Dataset excerpt >>
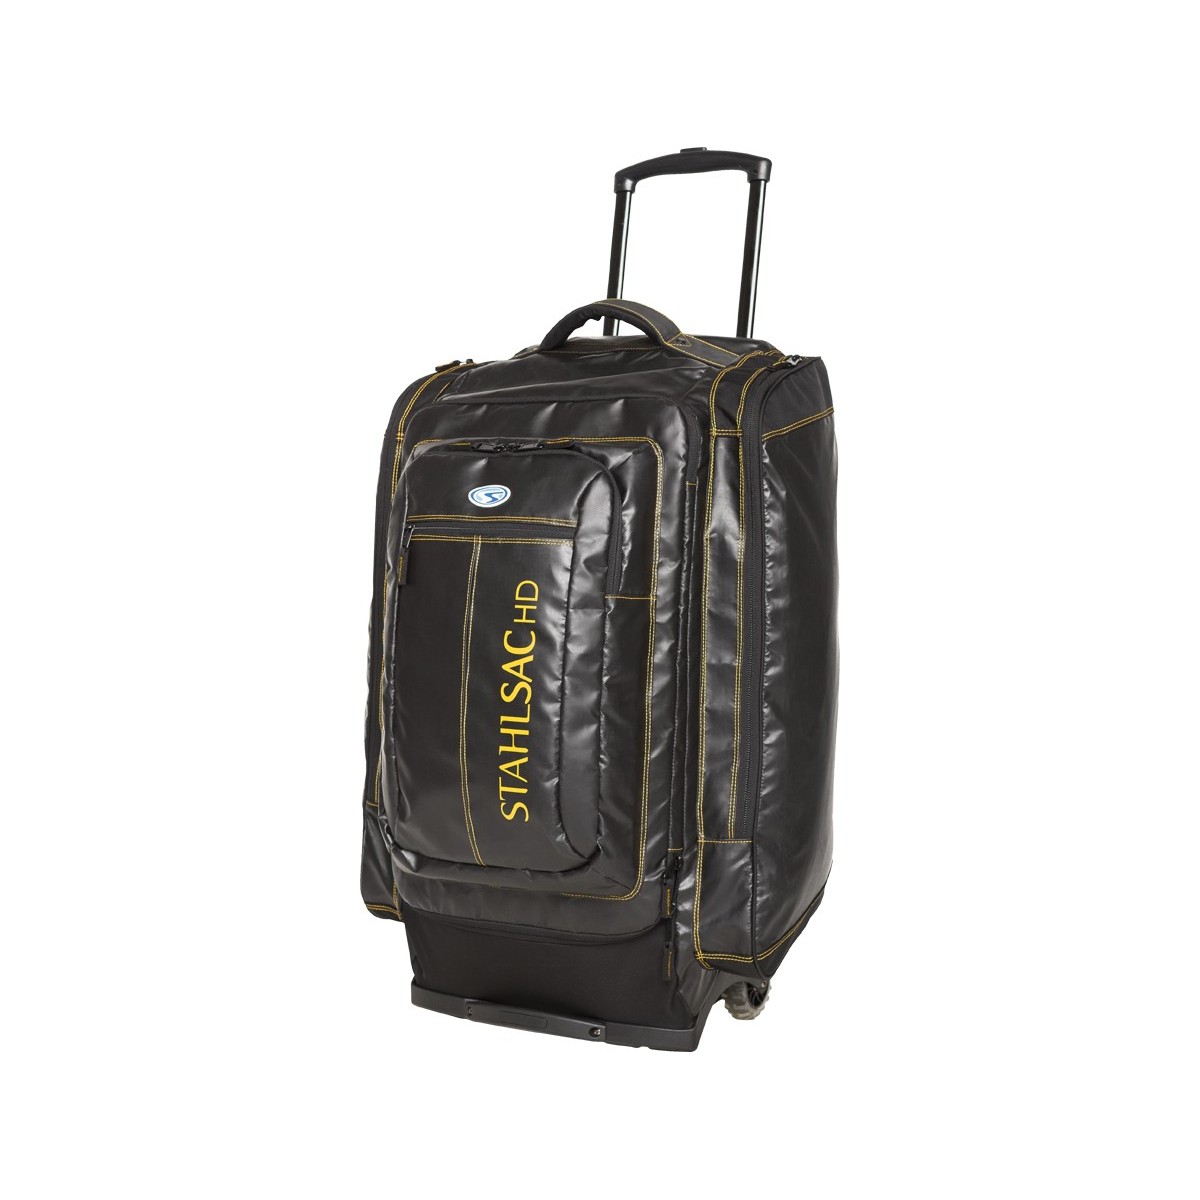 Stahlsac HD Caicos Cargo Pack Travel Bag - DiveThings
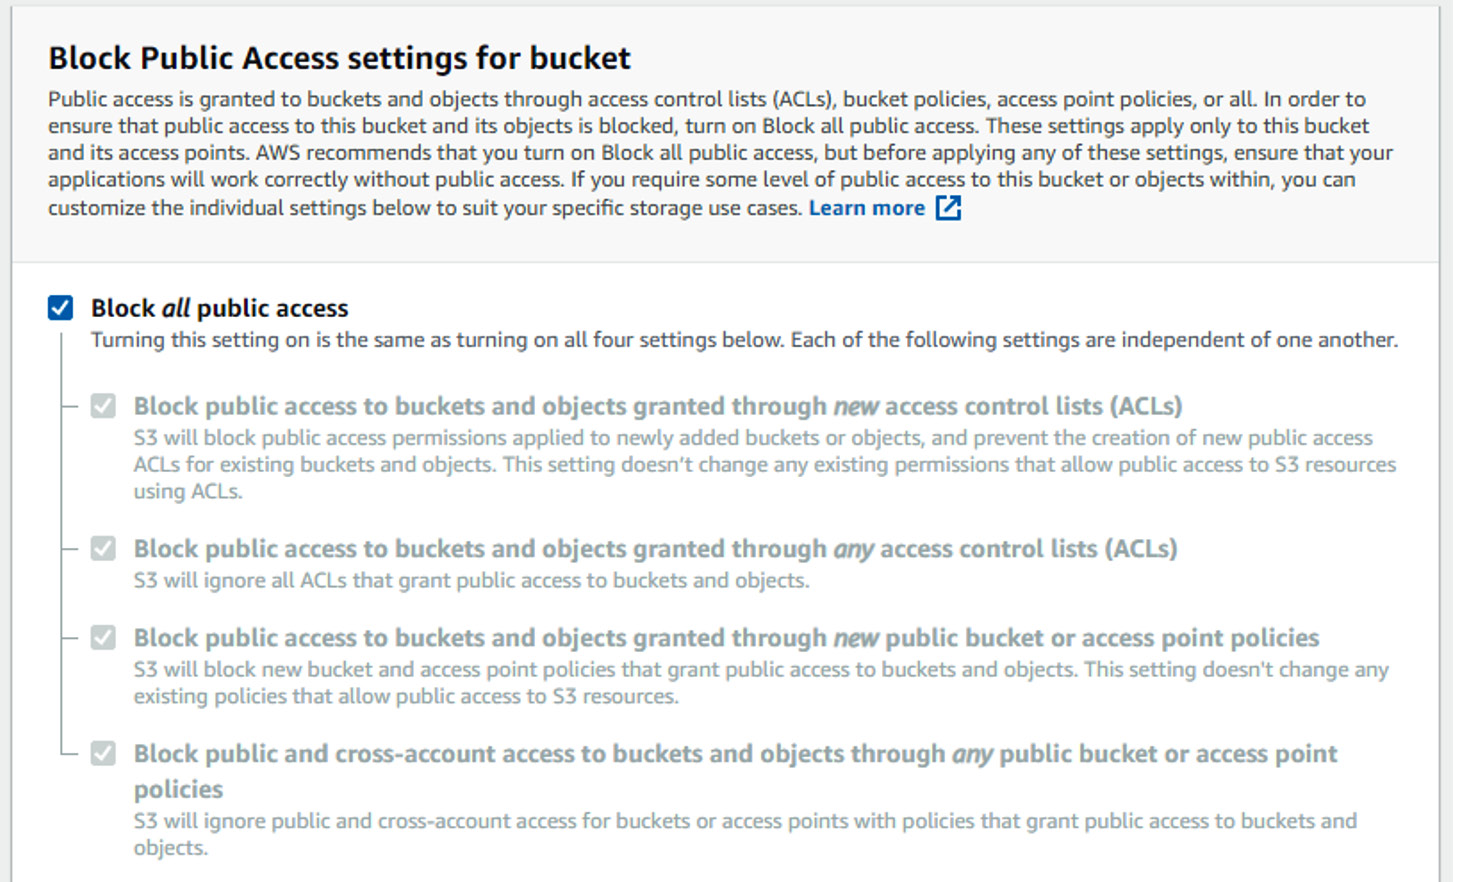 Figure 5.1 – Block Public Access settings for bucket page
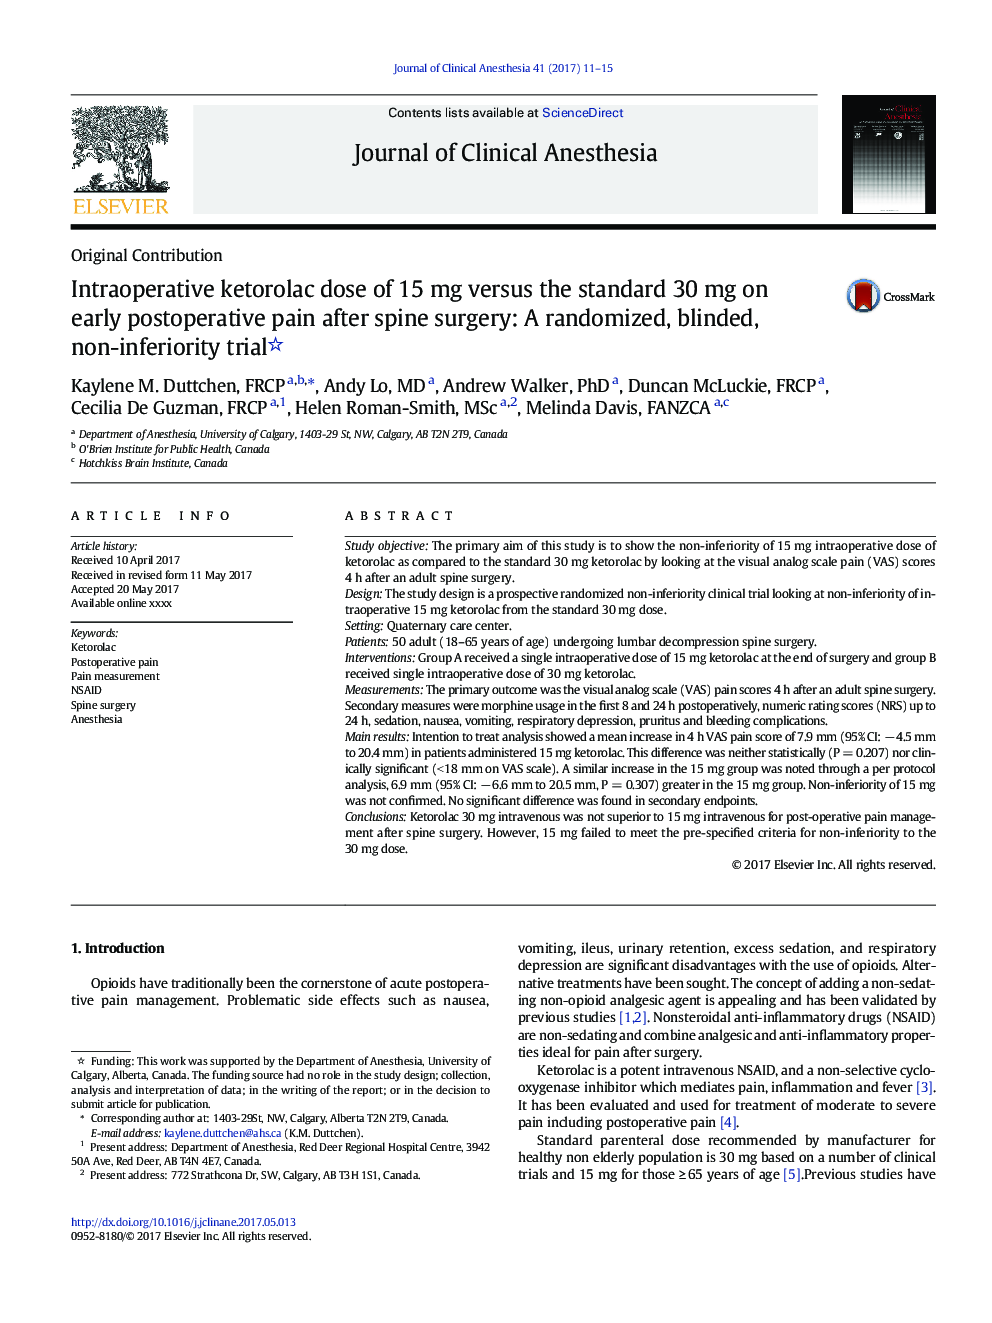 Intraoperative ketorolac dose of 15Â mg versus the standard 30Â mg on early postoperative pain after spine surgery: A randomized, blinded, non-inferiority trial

Task statement >> Starting with the line that contains "Figure 5.1 –", give the lines again exactly as they appear through the last line of the data, pictures excluded.

Exercise output >>
 Figure 5.1 – Block Public Access settings for bucket page
 Intraoperative ketorolac dose of 15Â mg versus the standard 30Â mg on early postoperative pain after spine surgery: A randomized, blinded, non-inferiority trial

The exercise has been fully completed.